== Data segment

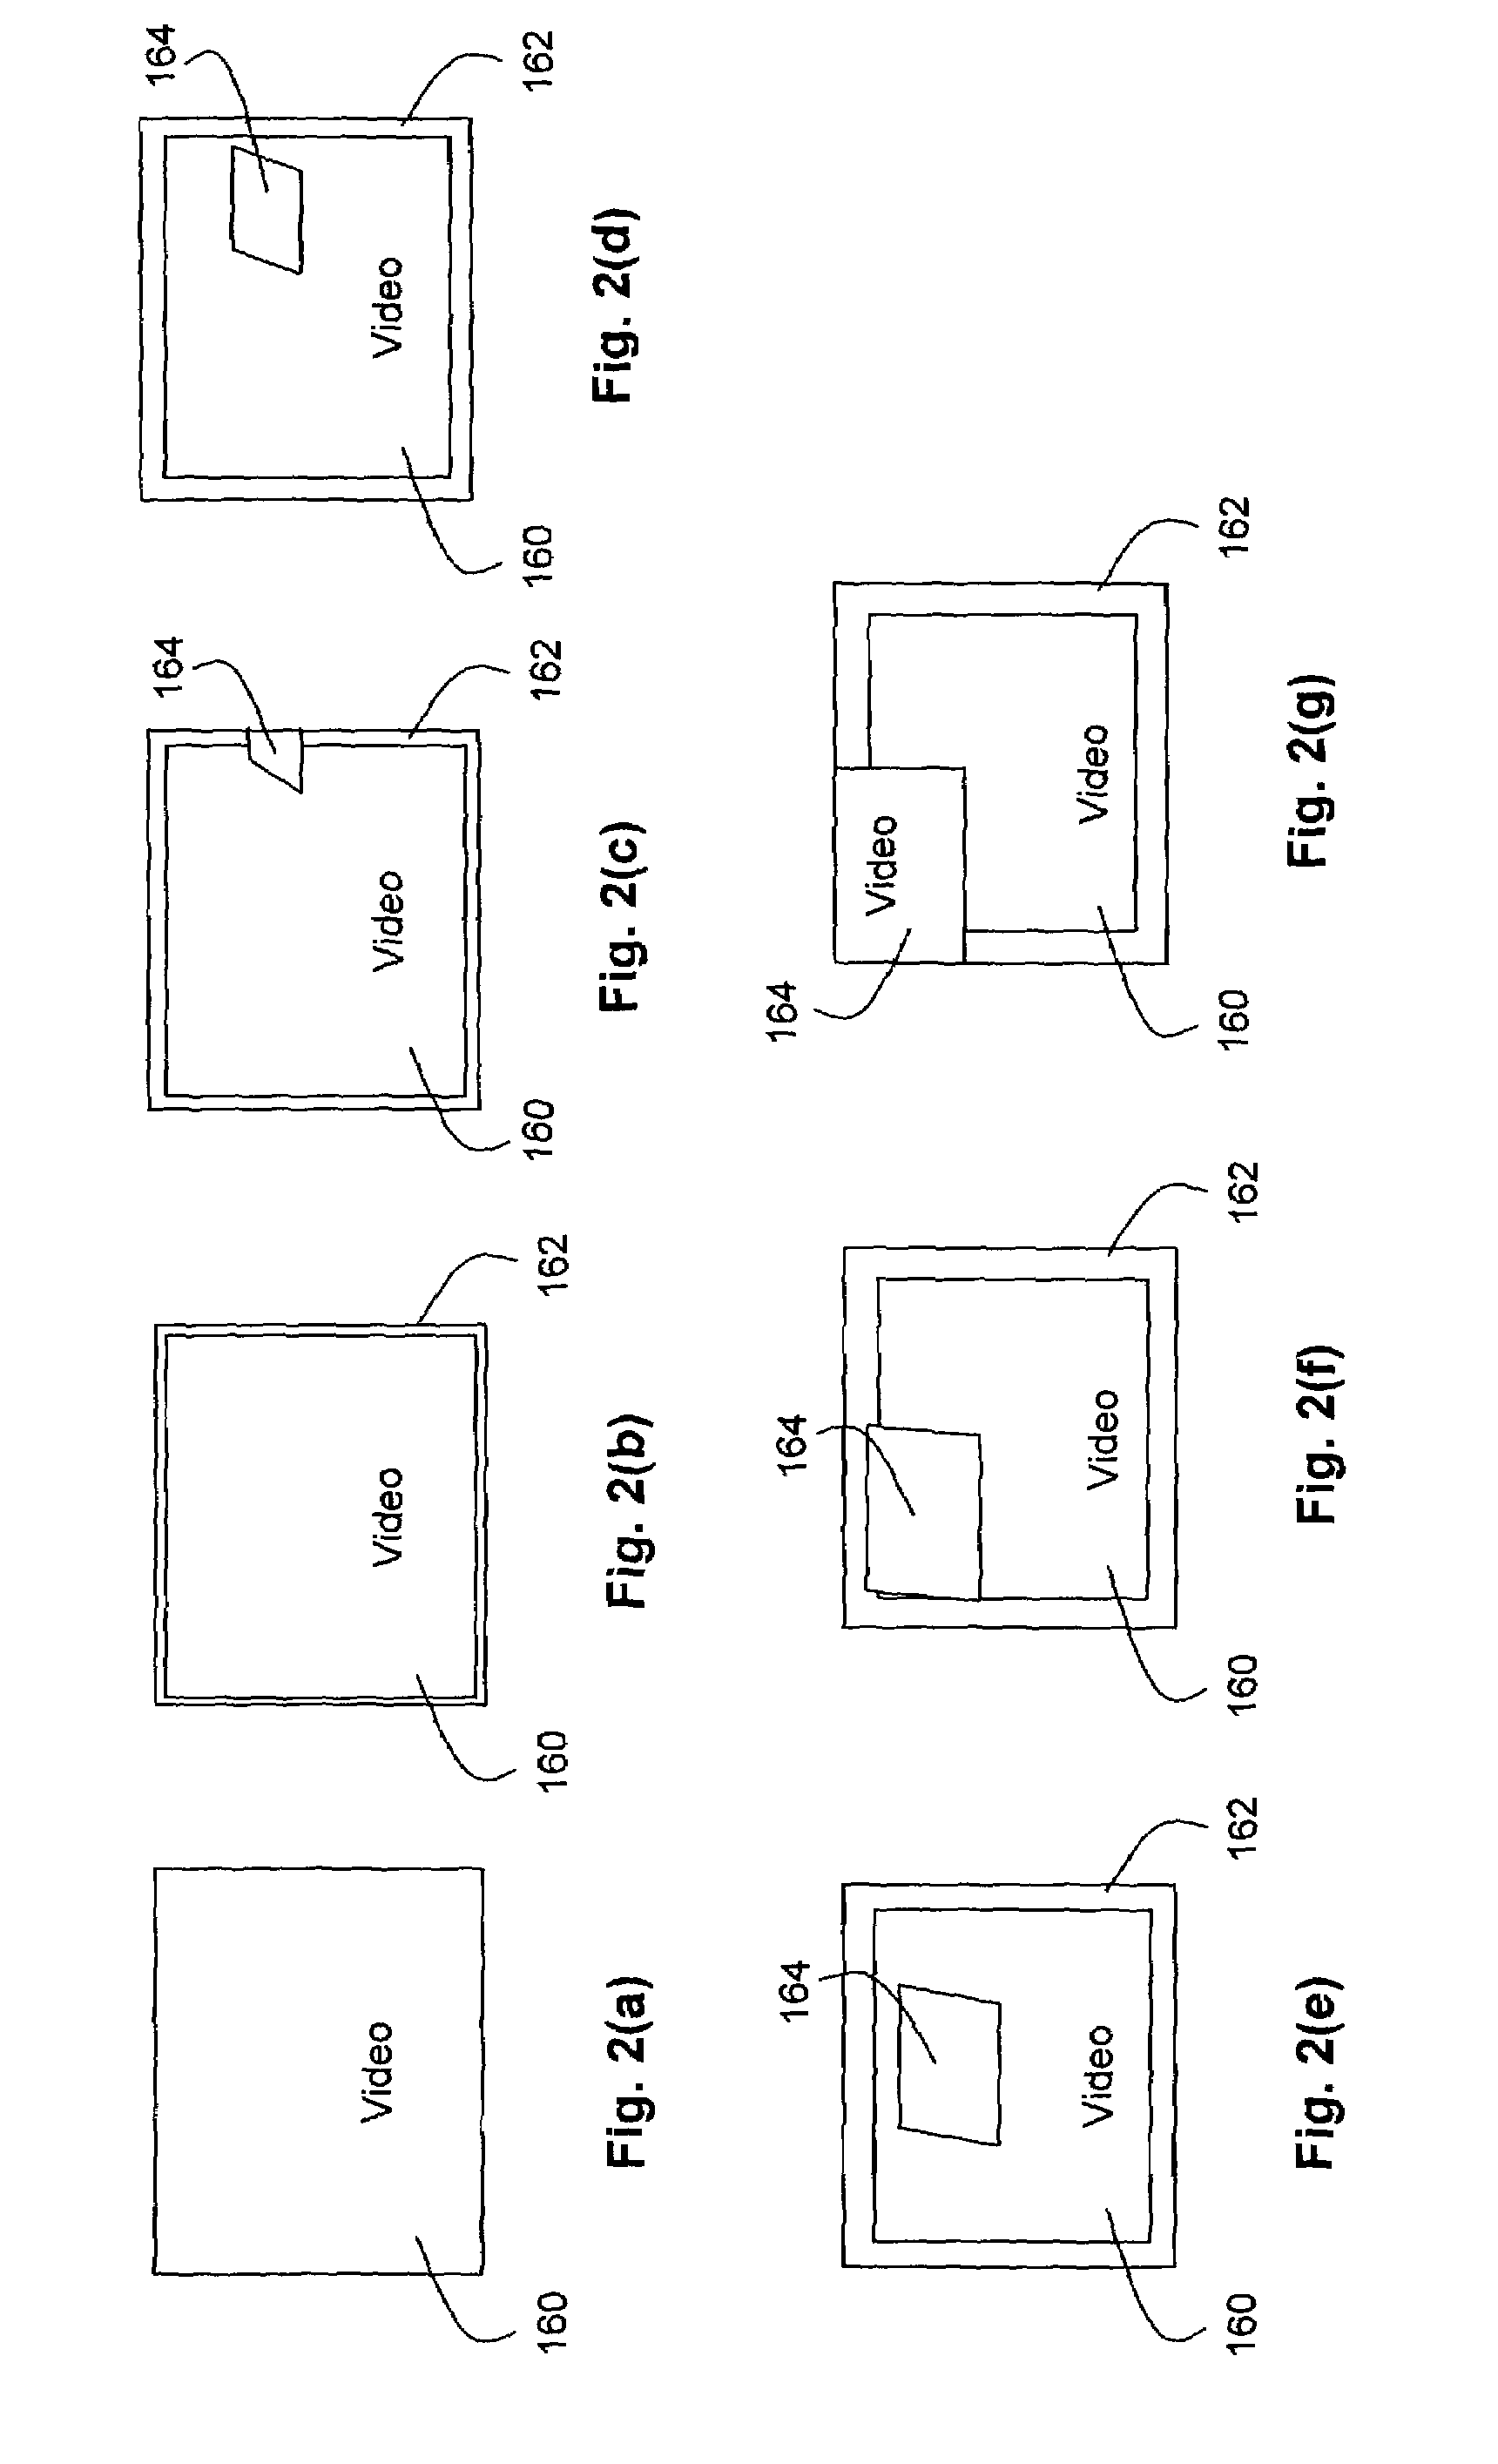 Method and apparatus for controlling the visual presentation of data
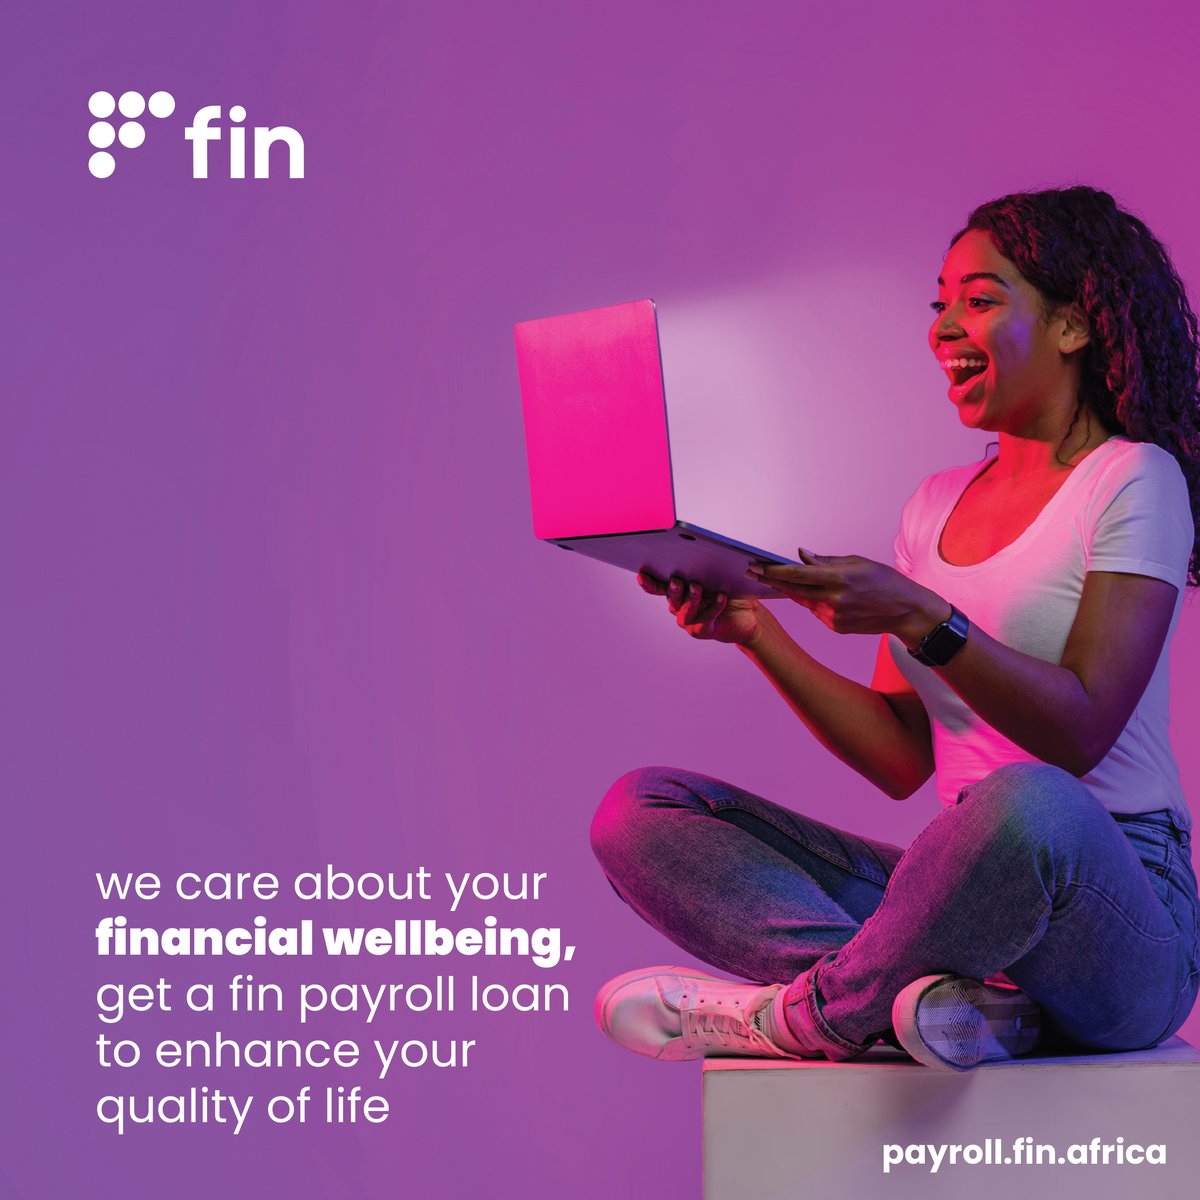 At Fin, your financial well-being is our priority. Take advantage of our Payroll Loans to elevate your lifestyle and unlock new opportunities.
 
#FinPayrollLoans #FinancialWellbeing #EnhanceYourLife #Empowerment #ProsperityAhead
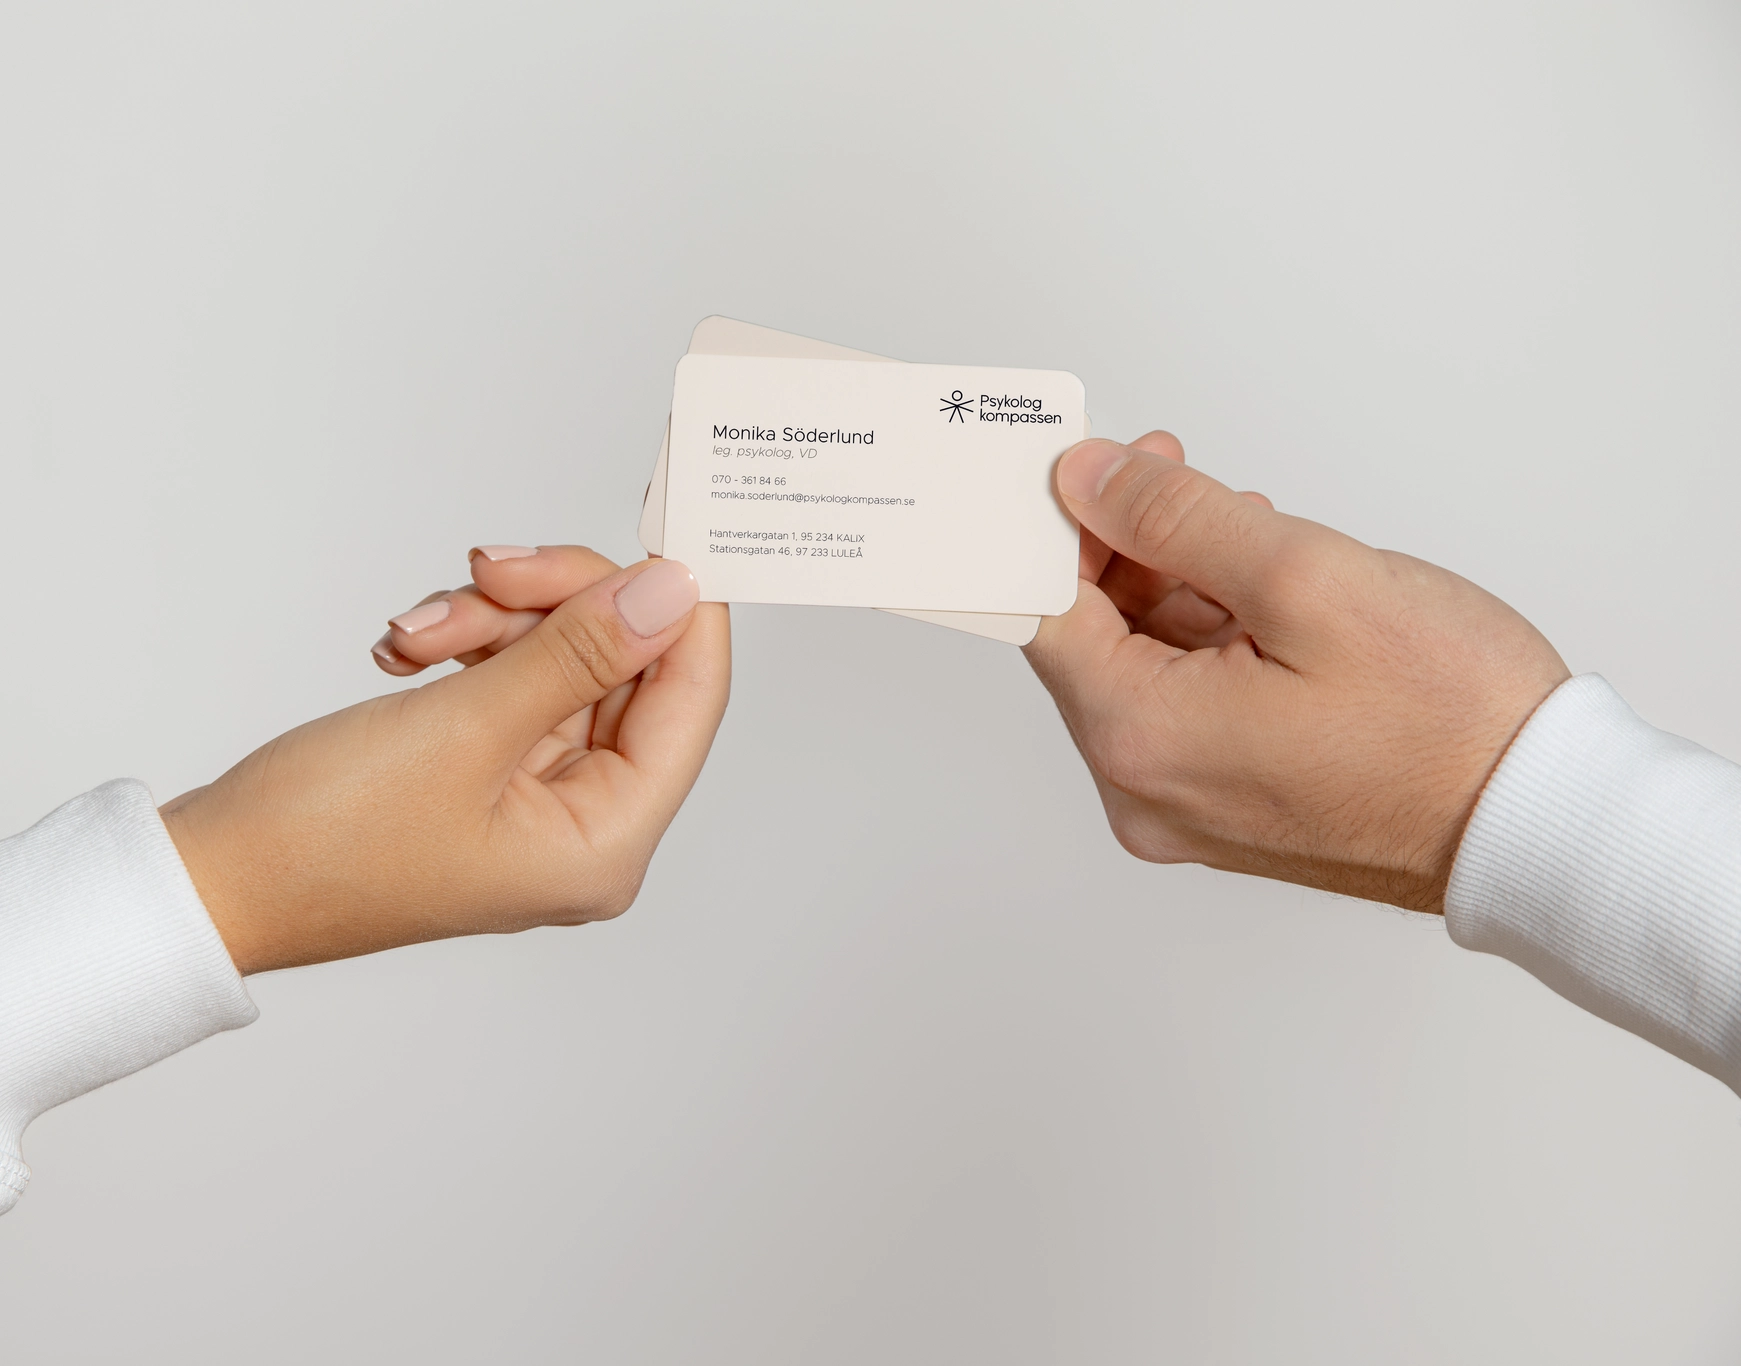 a close up of two hands passing each other business card with details of the owner of Psykologkompassen

====

→ Description of the task
Go through the data above and transcribe it in full, omitting any image.

→ Written answer
 Method and apparatus for controlling the visual presentation of data
 At Fin, your financial well-being is our priority. Take advantage of our Payroll Loans to elevate your lifestyle and unlock new opportunities.
 
#FinPayrollLoans #FinancialWellbeing #EnhanceYourLife #Empowerment #ProsperityAhead
 a close up of two hands passing each other business card with details of the owner of Psykologkompassen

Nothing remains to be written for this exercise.